Y, como dijimos, esta profecía que ya se cumplió es figura de otra que aun no se cumplió: el cataclismo que sobrevendrá sobre la tierra antes de su Segunda Venida, en donde tampoco quedará piedra sobre piedra: “Después, habiendo ido a sentarse en el Monte de los Olivos, se acercaron a Él sus discípulos en particular, y le dijeron: ‘Dinos cuándo sucederá esto, y cuál será la señal de su advenimiento y de la consumación del siglo” (San Mateo XXIV, 3).
Las señales son la gran tribulación, matanzas, odio, escándalos, traición, falsedades, error, iniquidad, frío … (cf. San Mateo XXIV, 9-12), “porque habrá, entonces, grande tribulación, cual no la hubo desde el principio del mundo hasta ahora, ni la habrá más” (San Mateo XXIV, 21). El cumplimiento de la primera profecía es garantía del cumplimiento de la segunda.

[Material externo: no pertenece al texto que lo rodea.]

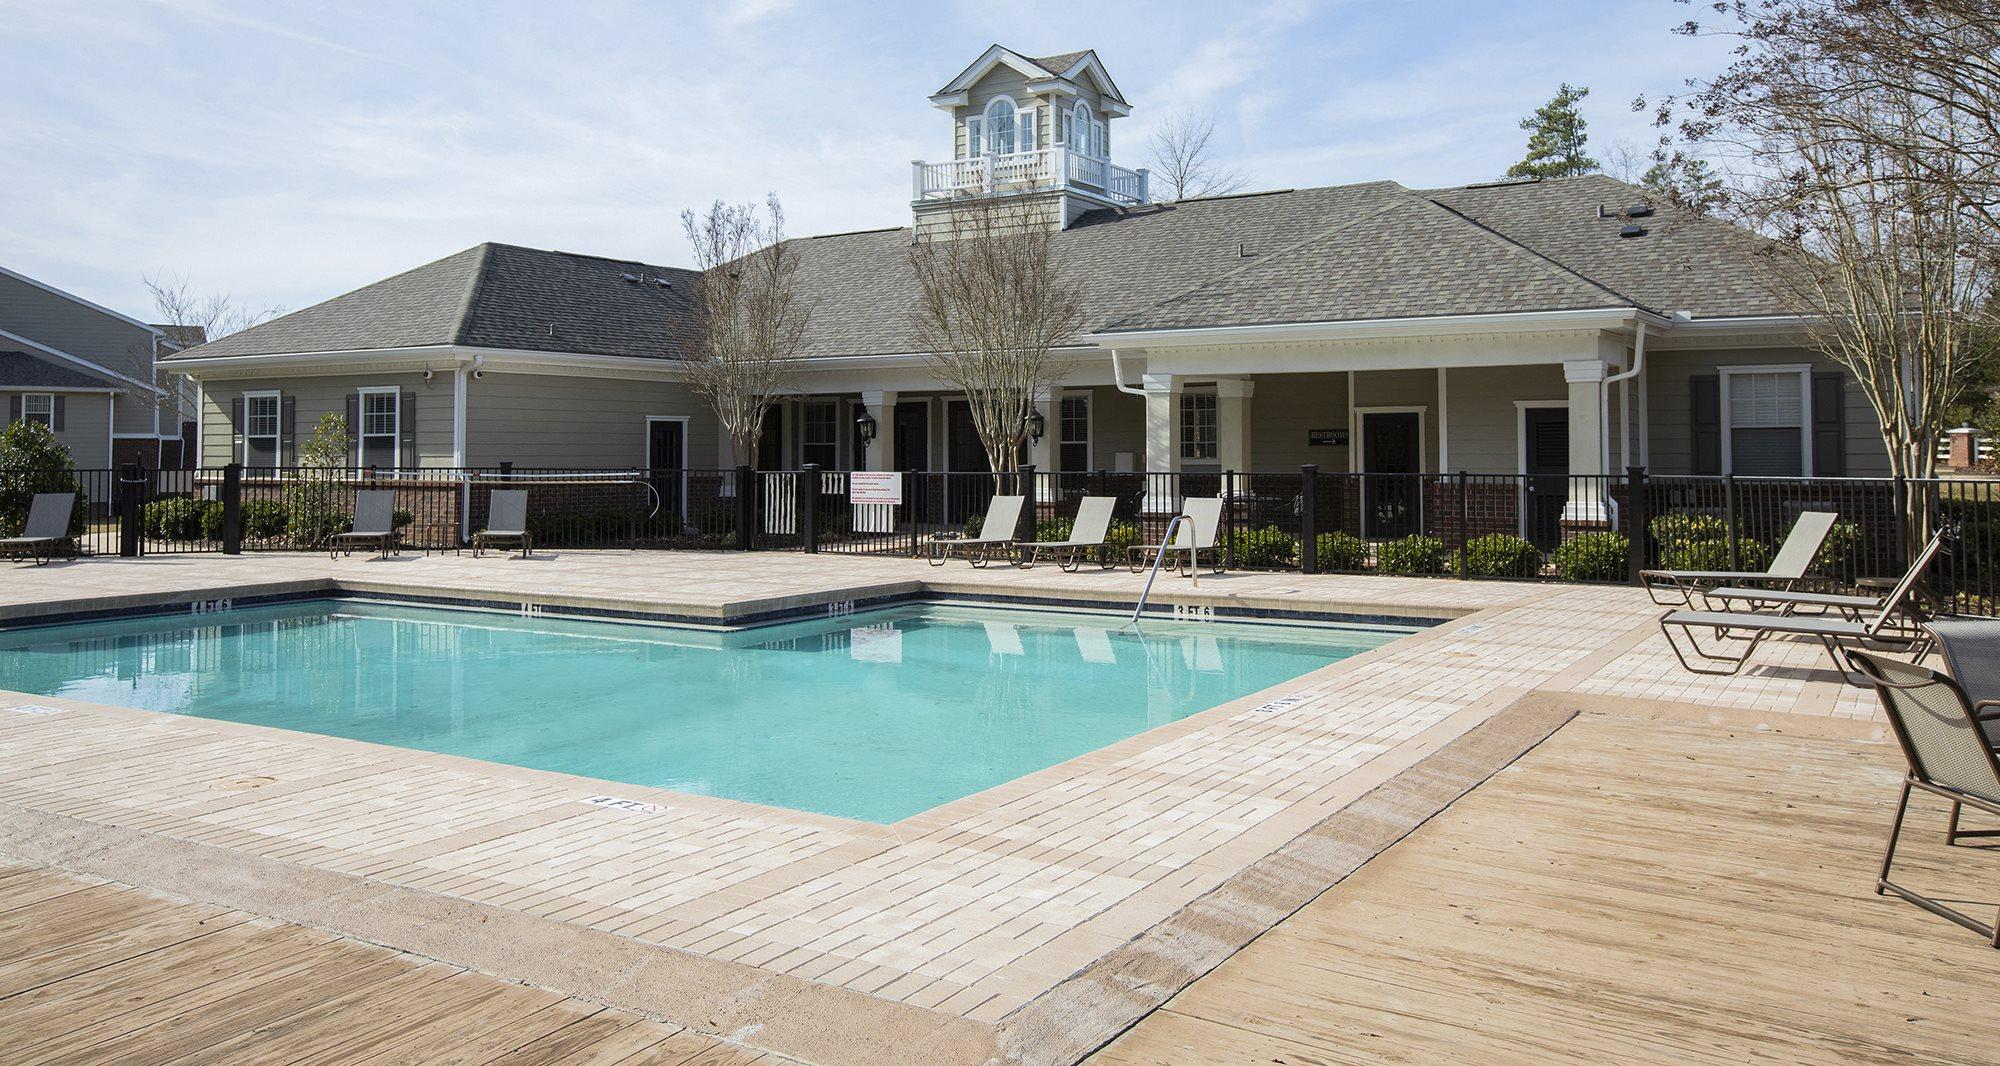 Pristine swimming pool

Fue tan terrible el asedio y toma de Jerusalén en el año 70 que muchas madres llagaron a comerse a sus propios hijos. 1.100.000 judíos fueron pasados a cuchillo. 97.000 hebreos hechos prisioneros y duramente castigados, e innumerables condenados al suplicio de la cruz. Esto fue figura de una realidad futura previa a la Parusía de Nuestro Señor Jesucristo.
¿Cuándo sucederá esto? “En cuanto al día aquel y a la hora, nadie sabe, ni los ángeles del cielo, sino el Padre solo” (San Mateo XXIV, 36). La venida de Nuestro Señor a la tierra nos tomará, pues, de sorpresa.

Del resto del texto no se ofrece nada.